AIM OF THE TASK: The reply is a verbatim copy of the listing below with its images dropped.

COLLECTED DATA:
..........

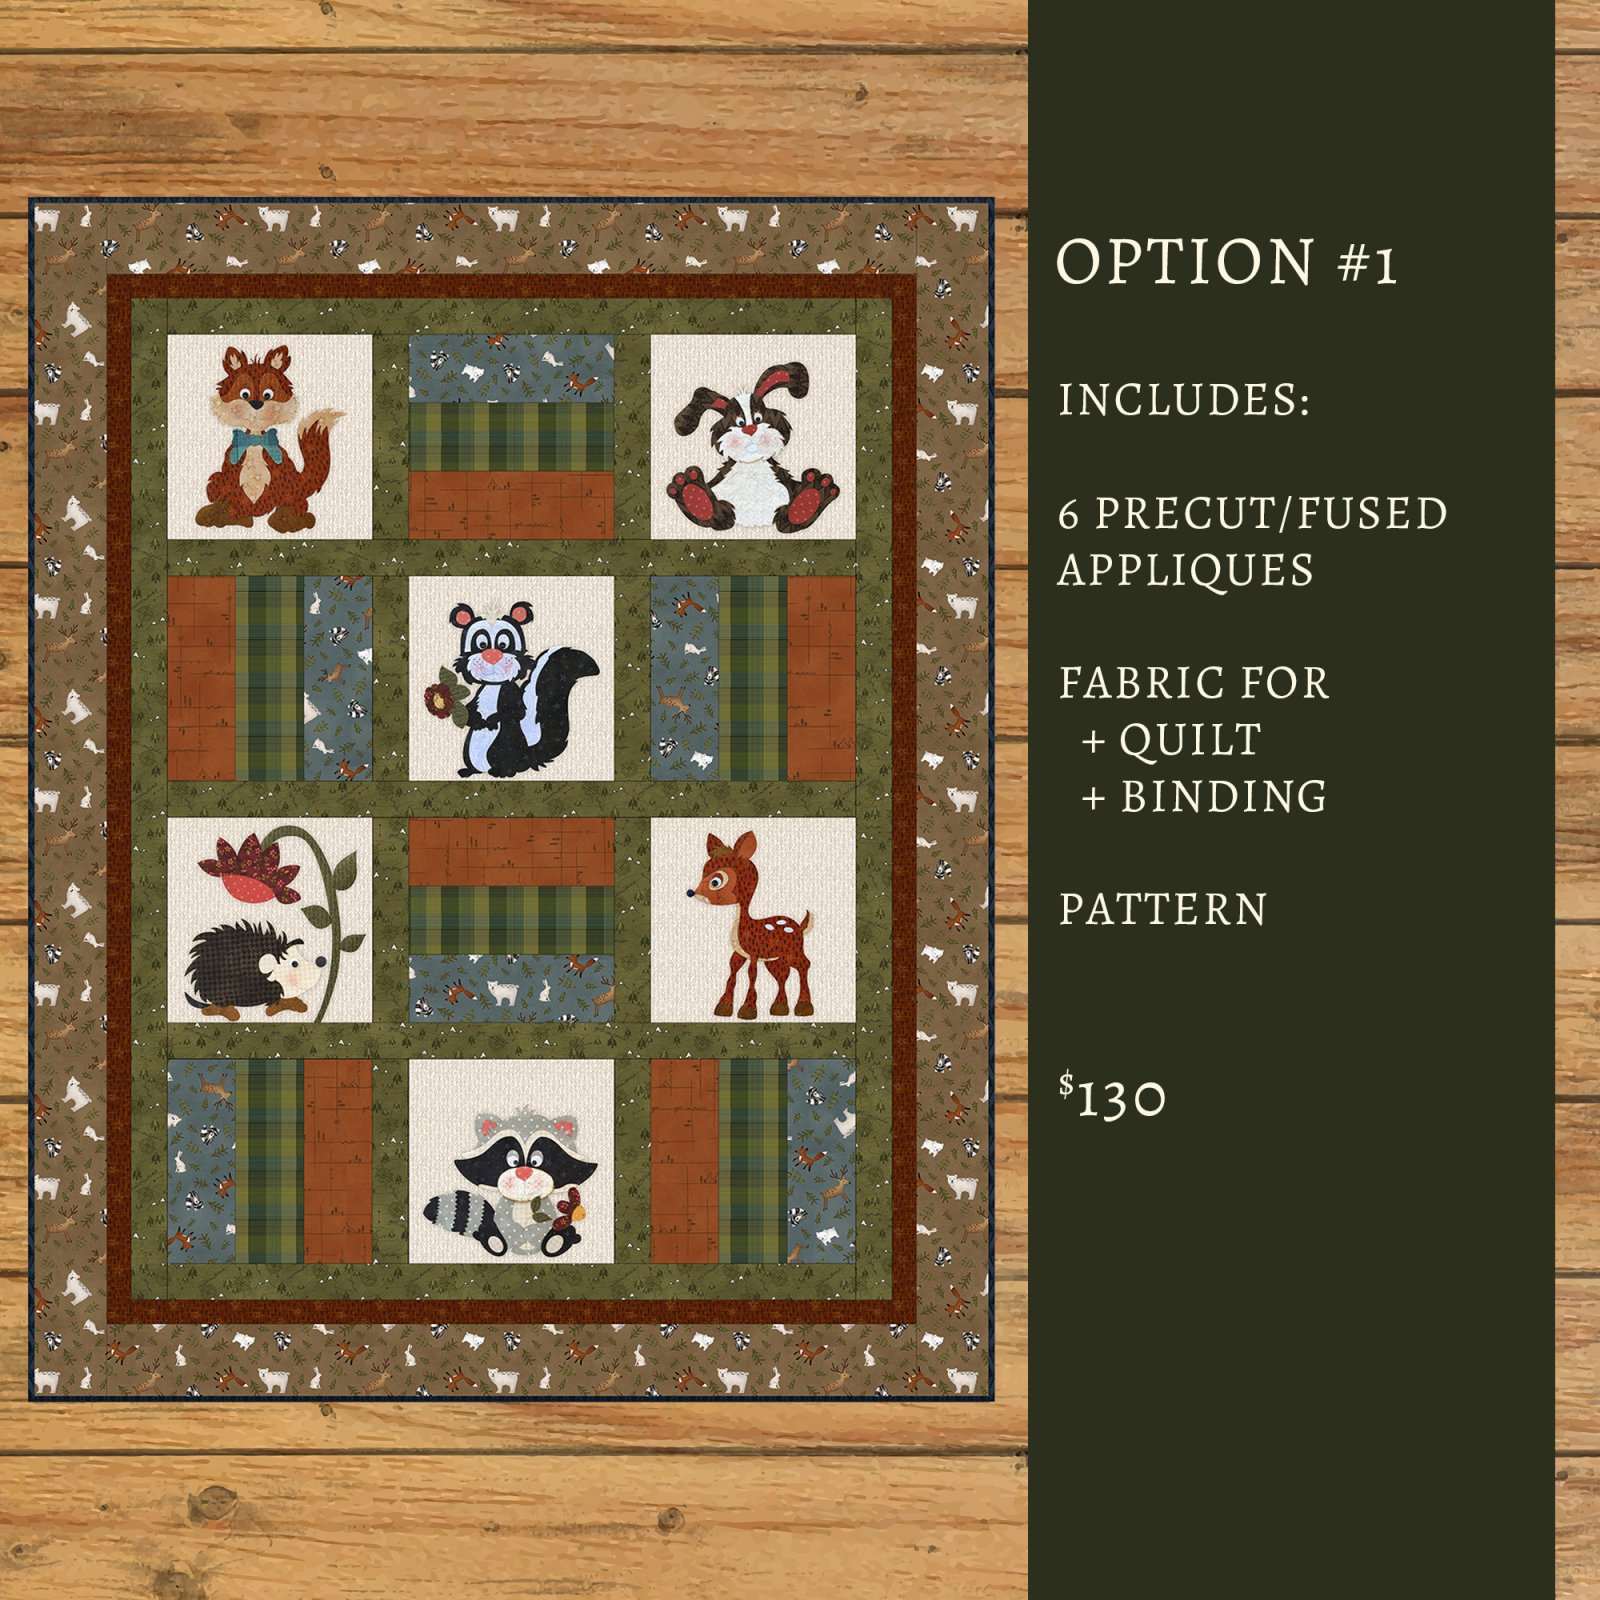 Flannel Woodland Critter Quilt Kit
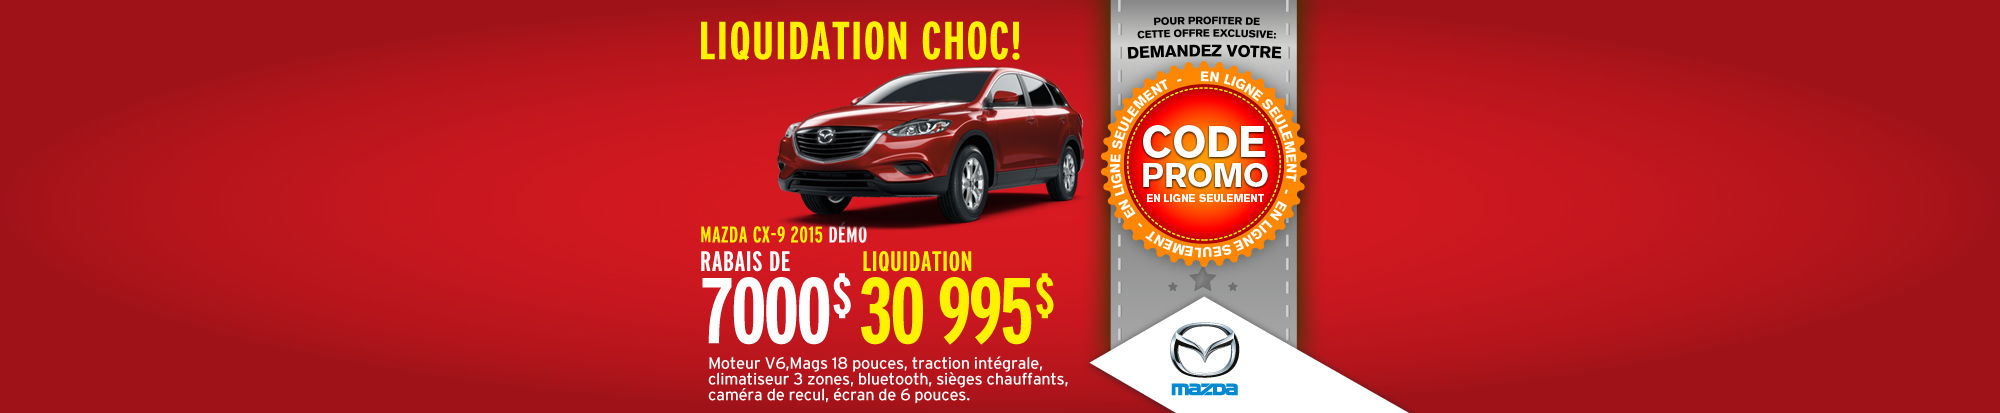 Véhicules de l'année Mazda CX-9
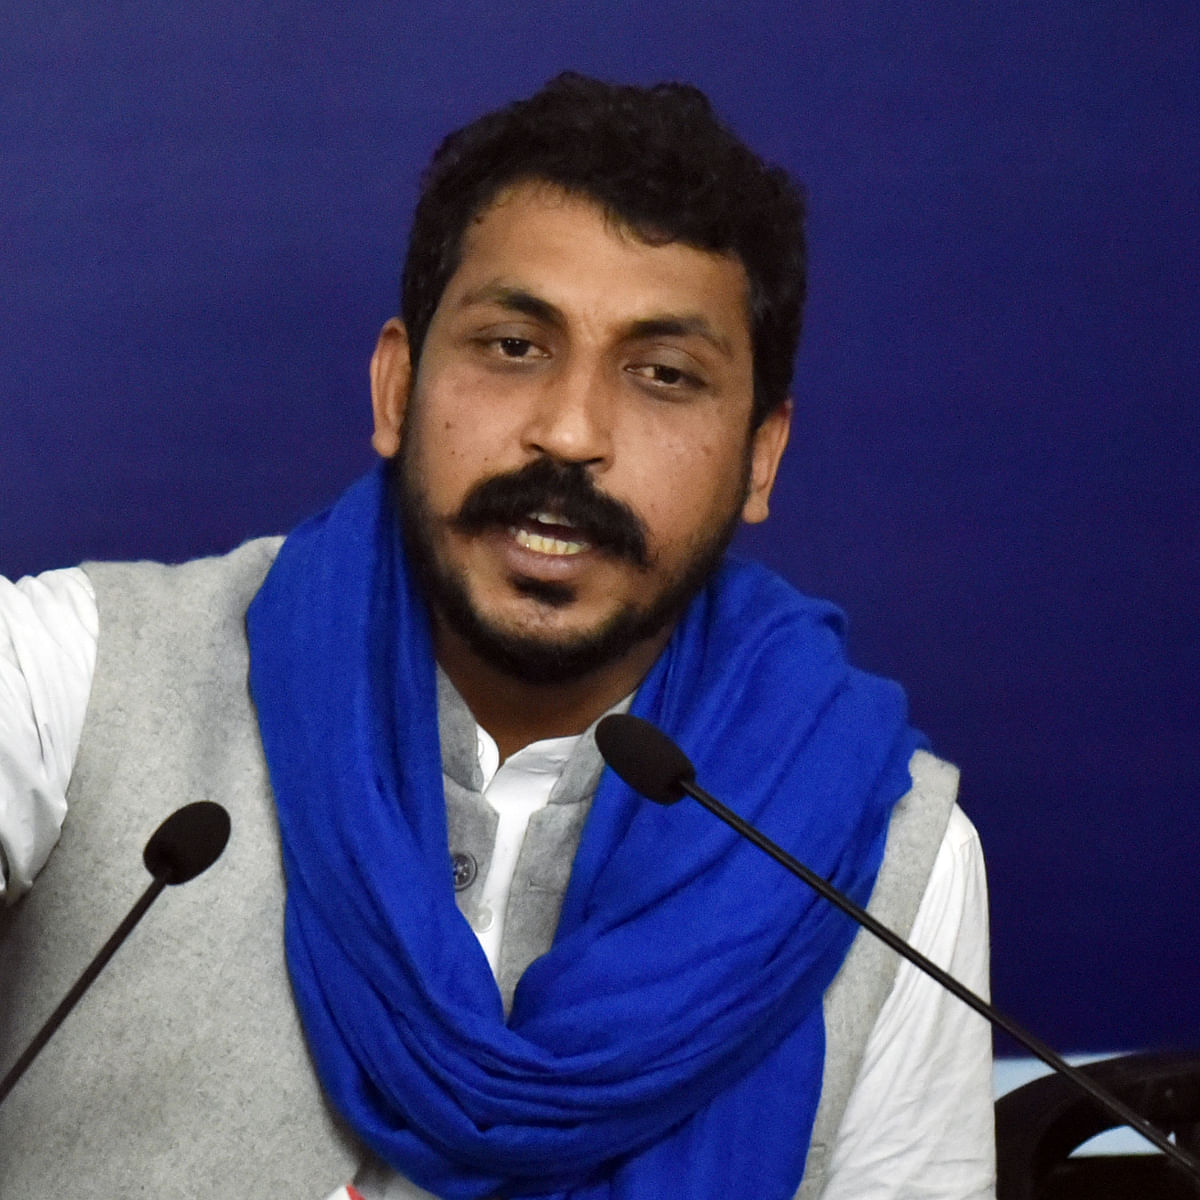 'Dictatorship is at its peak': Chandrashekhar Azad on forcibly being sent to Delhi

..........

WRITTEN SOLUTION:
 Flannel Woodland Critter Quilt Kit
 Véhicules de l'année Mazda CX-9
 'Dictatorship is at its peak': Chandrashekhar Azad on forcibly being sent to Delhi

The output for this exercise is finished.